JG: It was the summer of this year. It actually started back in January at Thunder Underground with my other producer Harper Hug. Between his schedule and my schedule, it couldn’t get done in a timely fashion, so I had to move it to another studio with Robbie Waldman and Steve Feldman, at Unit A Recording Studio in Palm Springs, and we finished it off there this summer. Collectively, it was probably done in about a month and three weeks, between everybody’s schedules. We all have full time jobs and we all have families, and its hard to juggle holding down a full-time job, having the producers and engineers waiting for you, all with juggling being a dad on top of that, so it was challenging, but it was done this summer.

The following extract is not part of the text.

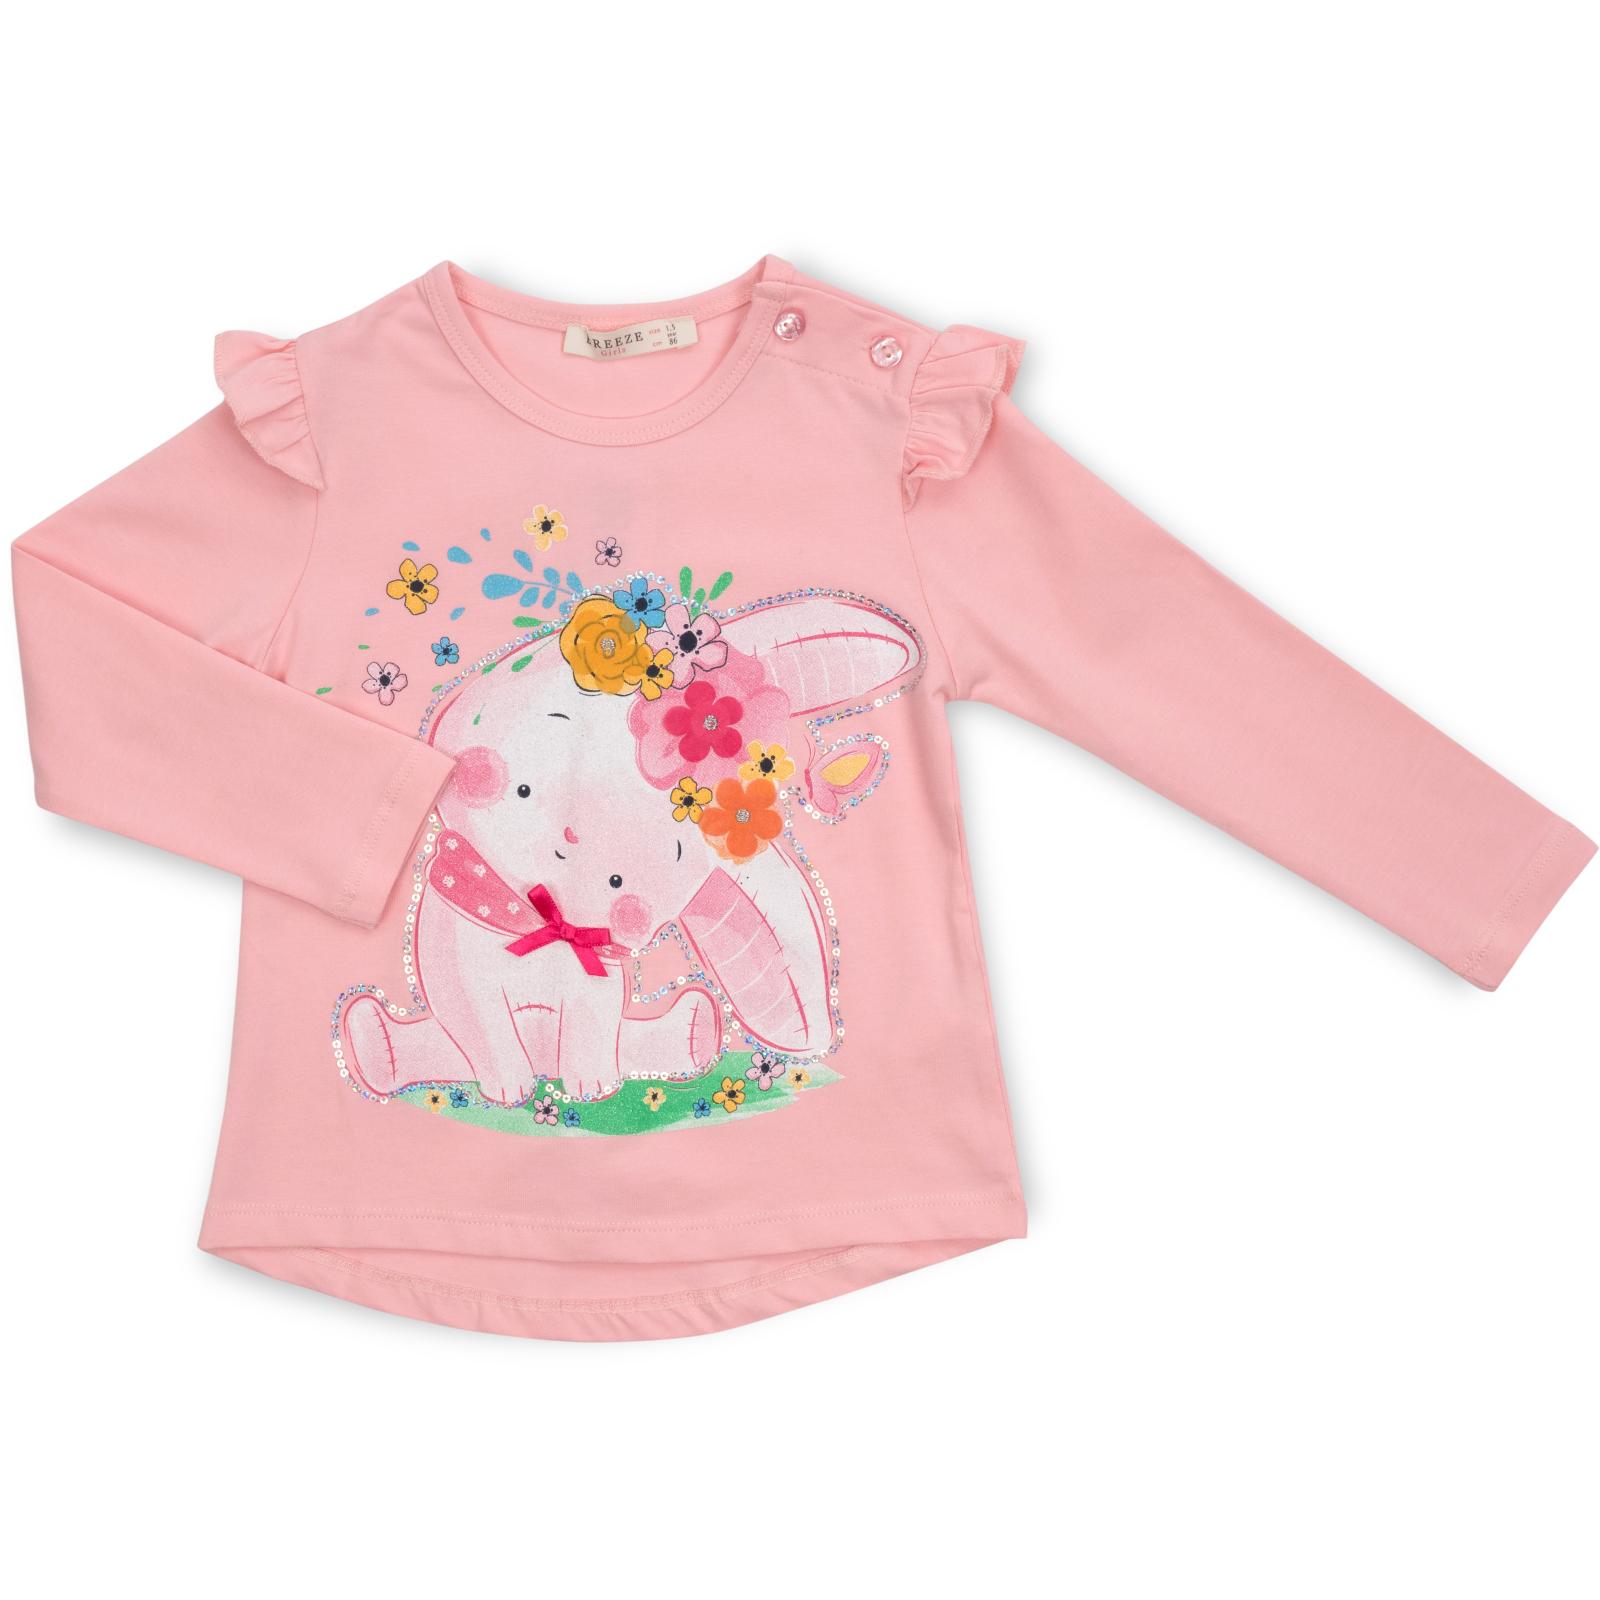 Набор детской одежды Breeze с зайчиком в цветах (13299-92G-pink) изображение 2

At the top of the credits it says ‘not perfect on purpose’, and that’s true. This record isn’t for everybody – if you’re looking for a stoner rock record, you’re not going to find it with this one. You’re going to find something that- you wind up hanging out with your woman, you’re cooking her dinner and you’ve just bought her a dozen roses and you just want to kick back and spin some records, this is the record. Or maybe for a long road trip – this is the one.

RS: Why did you decide to re-record those early Kyuss songs? Did that bring back any memories of recording those for the first time round?

JG: No, I was more concentrating on Aaron and I working it out, and how it would sound – would we record the original Green Machine with the exact same chords as Brant? No, we wanted a different direction, and we wanted a totally different direction. When you hear it, its like ‘woah, this is different’. This is something that you’ve never heard. You’re forgetting about what happened in your daily life – just the normal daily stuff – it’s a record that’s calming, its not overexcitable, and that was my goal in making this record.

Criticism is always healthy, and I’ve been certainly given a lot of that with this acoustic record – why you decided to do some Kyuss songs in there, or why you decided to do some original songs in there, and well there’s a little bit of everything in there. There’s no rules, something that I just felt I wanted to do. A lot of people give me a lot of flack for recording the acoustic Green Machine the way its done – its just something that I thought would be interesting to do, and I decided to do it. This was fun for me – I still enjoy singing these songs, so I just went from there.

RS: Have you played any of those covers to your old bandmates in Kyuss?

JG: No, I did not. They’re simply cover songs, that’s all they really are. I didn’t write Green Machine. I didn’t write Gardenia. Those are Brant Bjork’s songs. I can cover John Denver for all I care. I’m resinging them, but I just happen to be the singer for the band that originally put them out. They’re just my takes on where I’m at in my life that I thought would be interesting. I’m 46 years old, and I still feel like I have a tonne to offer, and I still genuinely really enjoy getting in the studio and writing, which I plan to do today as a matter of fact. I’ll meet up with the guys, and we’ll go to the rehearsal place, and we’ll BBQ, and we’ll write, we’ll talk, we’ll eat, we’ll drink – we’ll do what we do on a beautiful Palm Springs winter Sunday. We’re concentrating on the electric piece right now. I’m concentrating on the electric record right now, and that’s something that’s important to me – I’ve moved on from the acoustic record, but I enjoy talking about something that I helped create with the guys, and I’ll still able to do, and I thank God that I’m still able to do it.

RS: Does that mean you’re already following up this album?

JG: Absolutely. There’s always something cooking, and I like to stay busy. It helps me stay sane – everybody needs a fix, whether it be fishing or doing artwork, or doing anything, everybody needs some sort of release. My release just happens to be music.

The Coyote Who Spoke in Tongues is out now on Napalm Records.